De très nombreuses sources, de très nombreux articles annoncent comme acquise la nomination de Chuck Hagel comme secrétaire à la défense, en remplacement de Leon Panetta. Le président Obama annoncerait la chose au début de la semaine prochaine. (Dans une interview, dimanche dernier, sur la chaîne NBC, Obama avait répondu à une question sur Hagel par des propos flatteurs, qui laissaient penser que l’ancien sénateur du Nebraska était toujours considéré pour ce poste, malgré la campagne furieuse lancée contre lui : «I've served with Chuck Hagel. I know him. He is a patriot… […] He is somebody who has done extraordinary work both in the United States Senate, somebody who served this country with valor in Vietnam. And is somebody who's currently serving on my intelligence advisory board and doing an outstanding job.»)

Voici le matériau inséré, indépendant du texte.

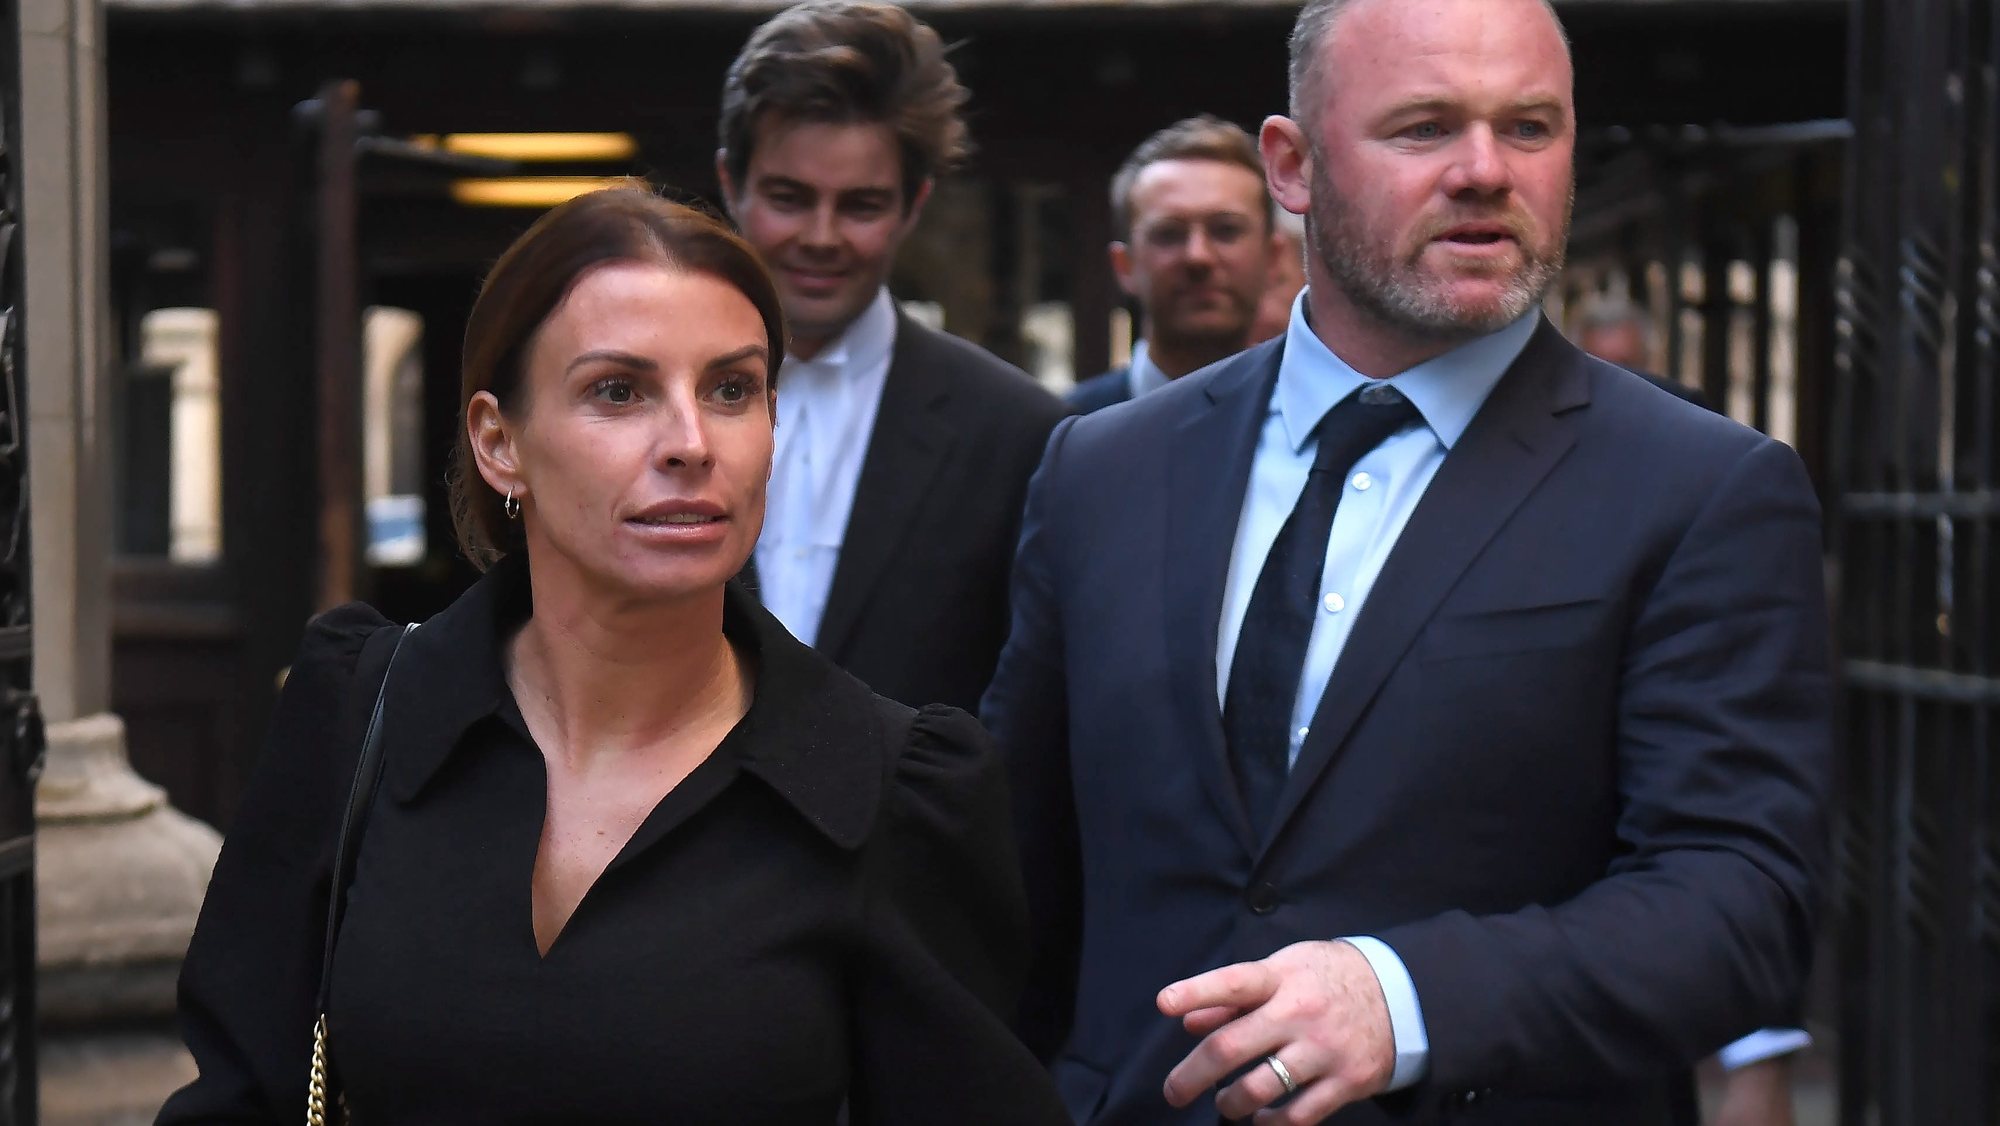 epa09953229 Coleen Rooney (L) and her soccer manager husband Wayne Rooney (R) depart the Royal Courts of Justice in London, Britain, 17 May 2022.  Footballers&#039; wives Coleen Rooney and Rebekah Vardy are facing each other in the High Court at the opening of their &#039;Wagatha Christie&#039; libel trial over a social media post. The case centres on Twitter and Instagram posts from October 2019 where Coleen Rooney alleged that someone had leaked stories to The Sun tabloid.  EPA/NEIL HALL

Le site The Daily Beast, parmi de très nombreuses autres sources, a un article annonçant la nomination de Hagel, ce 4 janvier 2013 : «After averting the fiscal cliff by reaching a deal with Republican leaders on New Year’s Eve, President Obama appears set to wade into a new fight with Congress next week by nominating former Nebraska GOP senator Chuck Hagel to be the next secretary of defense. Key Democrats working closely on the nomination process tell The Daily Beast that the president is expected to announce the Hagel selection Monday or Tuesday. These sources also say Obama did not decide on Hagel until this week, after weighing Ash Carter, the current deputy secretary of defense, and Michèle Flournoy, a former No. 3 at the Pentagon, for the job. […]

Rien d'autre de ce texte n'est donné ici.